● Assigned task
Exact copy, pictures excluded: the lines from the one containing "Flat For Rent" to the end of the listing.

● Dataset content
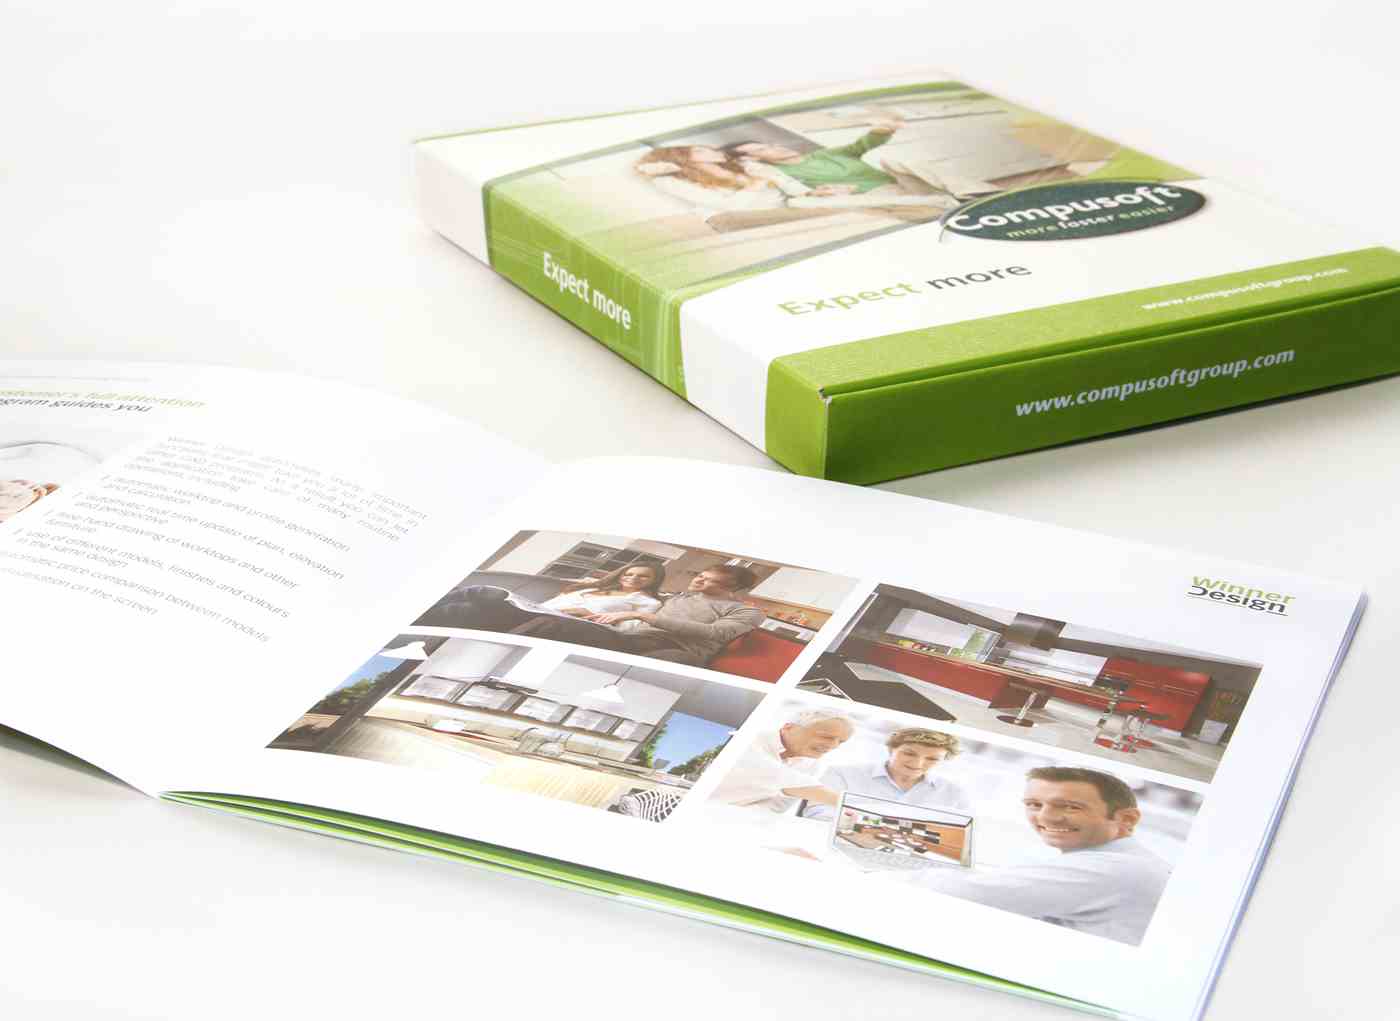 Compusoft softwarebox and brochure
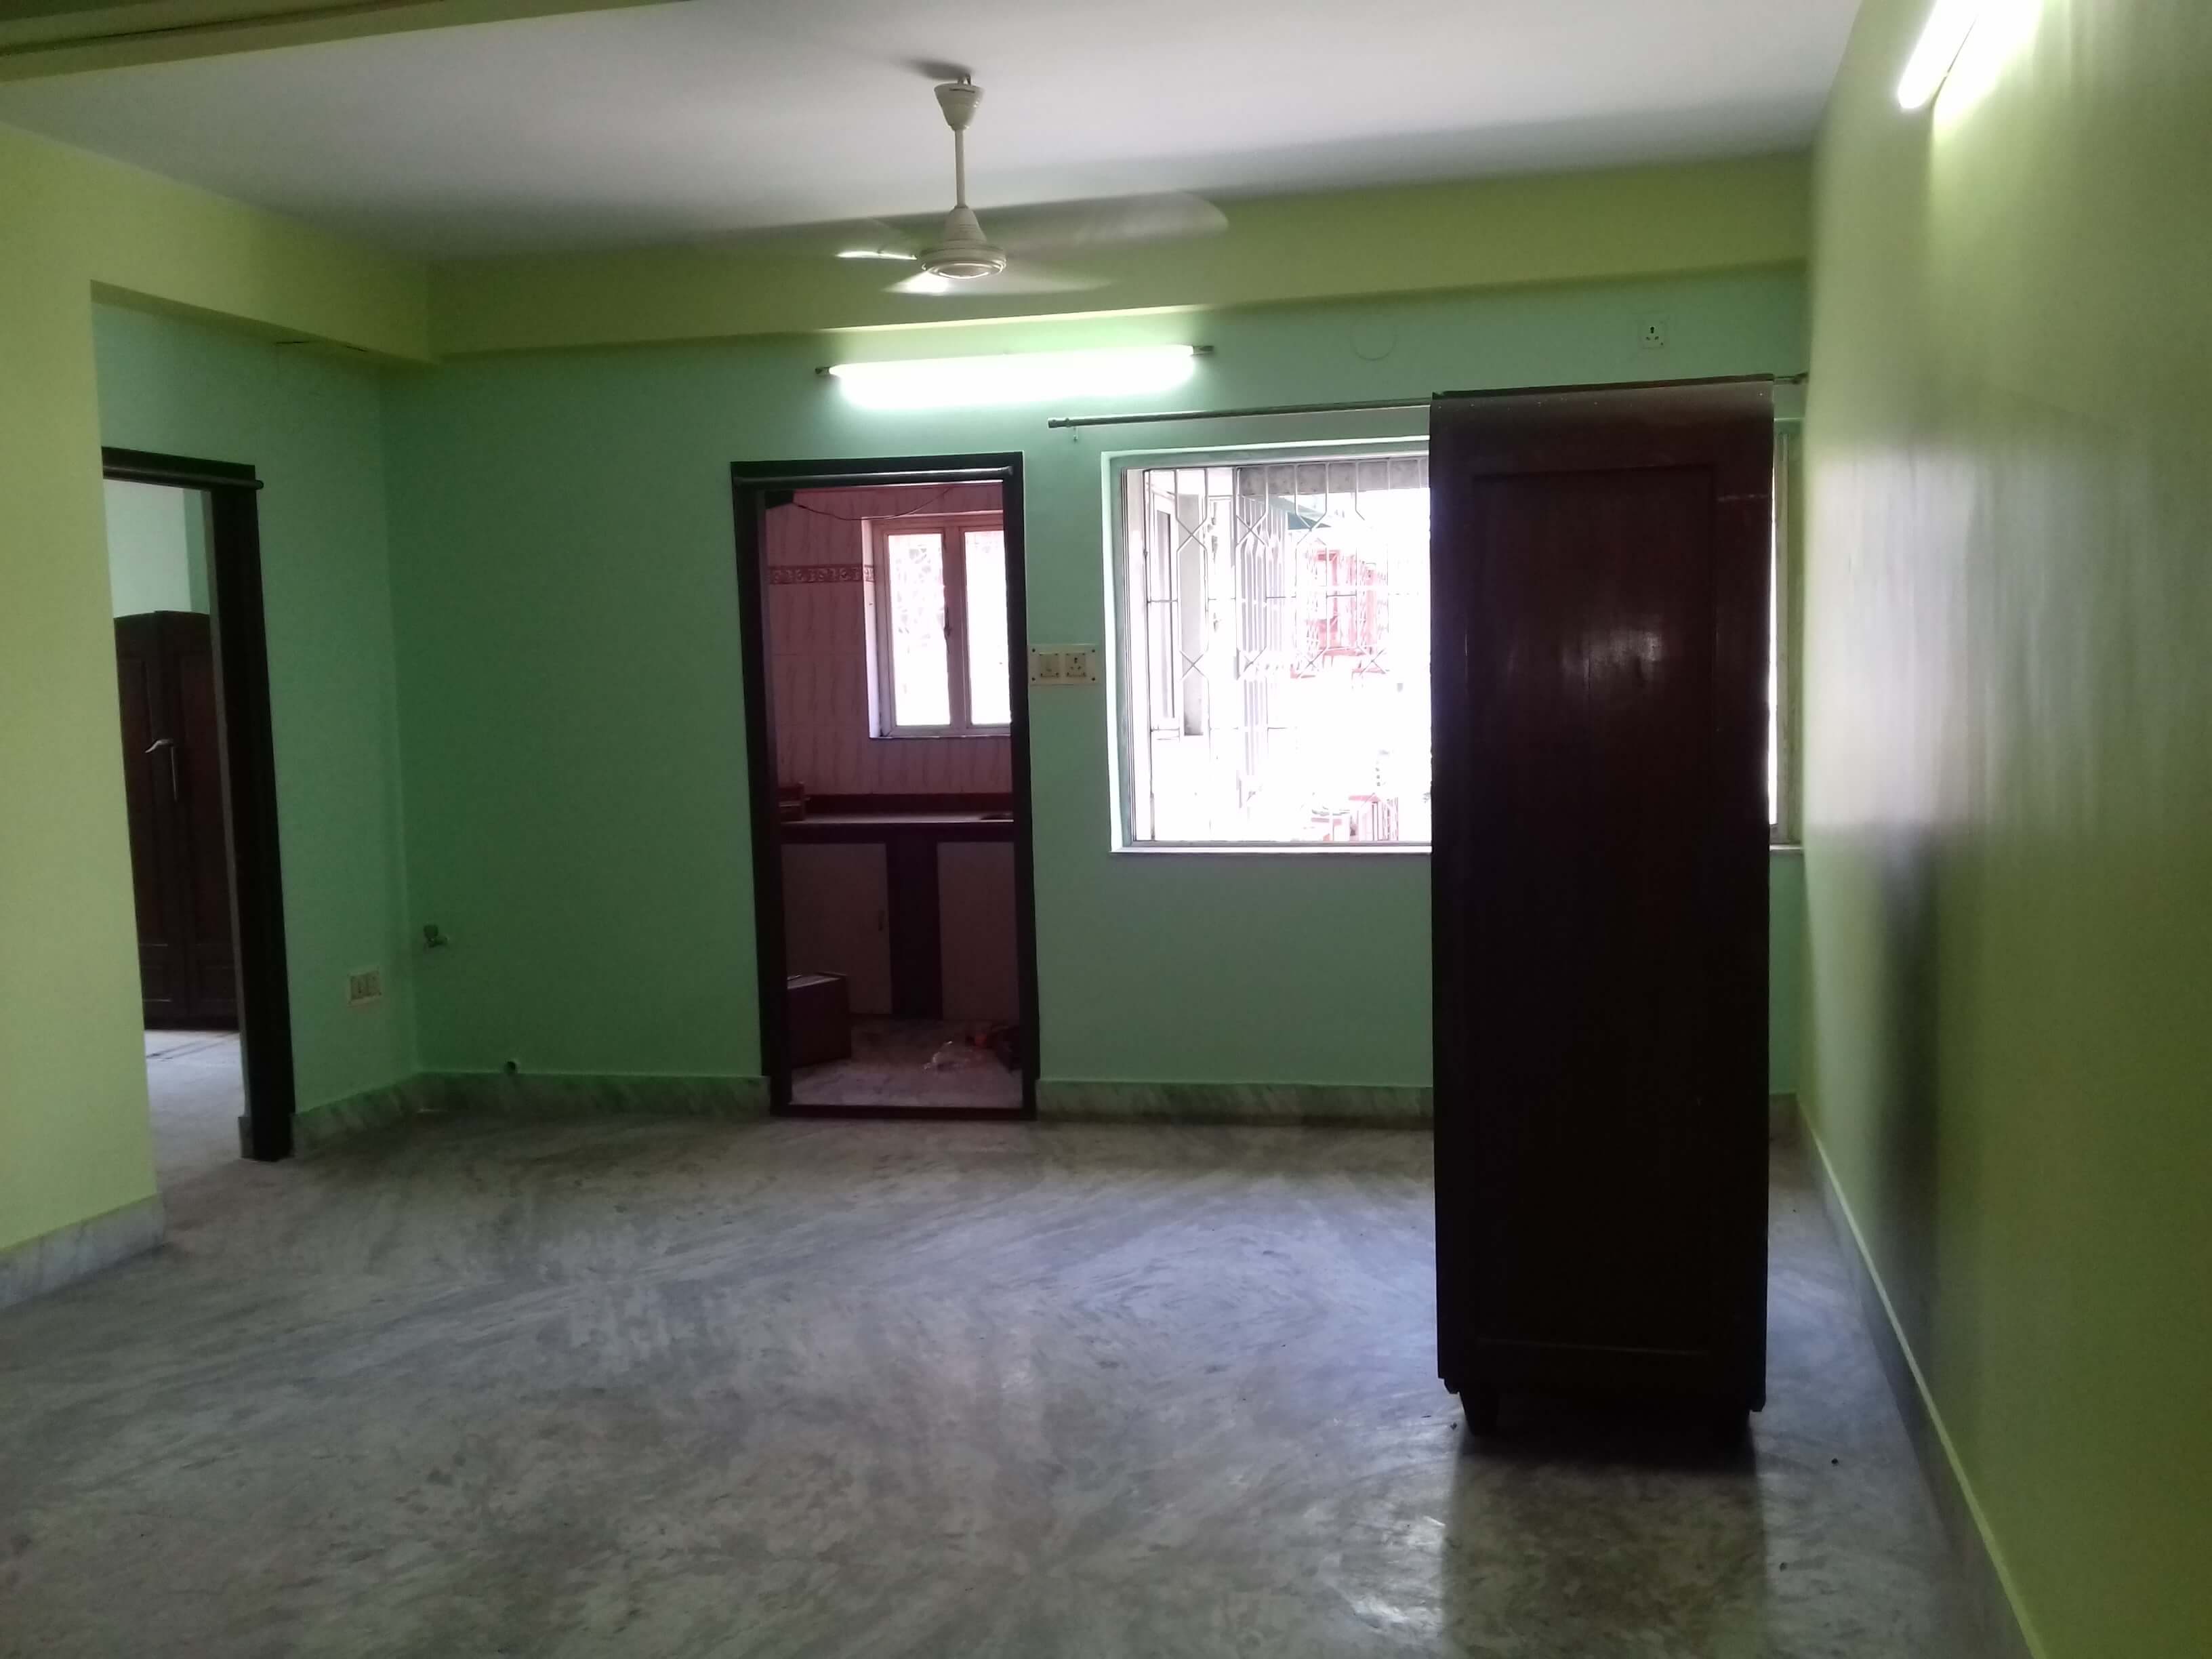 Flat For Rent in Tollygunge Kolkata (Id: 10932)
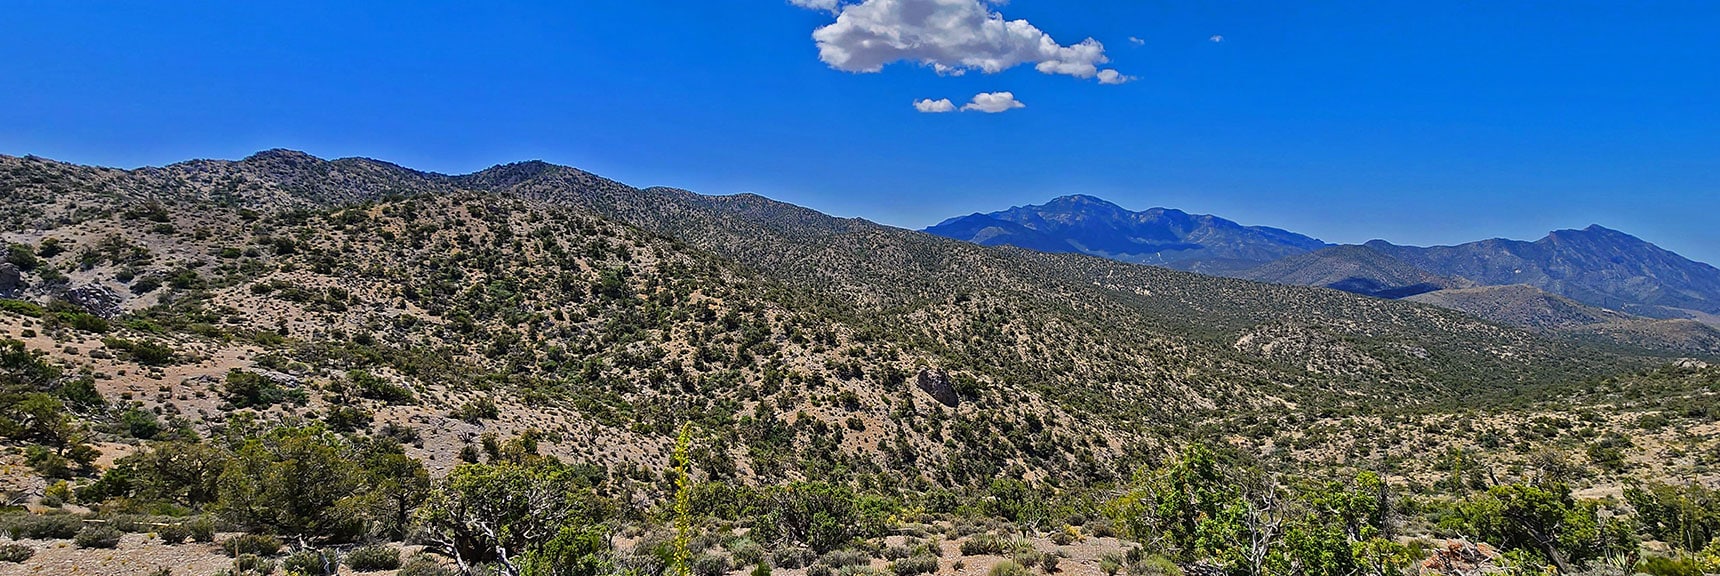 View of Southern Upper Crest Ridgeline to Potosi Mt. from Ridgeline Summit | Little Zion | Rainbow Mountain Wilderness, Nevada

● Written response
 Flat For Rent in Tollygunge Kolkata (Id: 10932)
 View of Southern Upper Crest Ridgeline to Potosi Mt. from Ridgeline Summit | Little Zion | Rainbow Mountain Wilderness, Nevada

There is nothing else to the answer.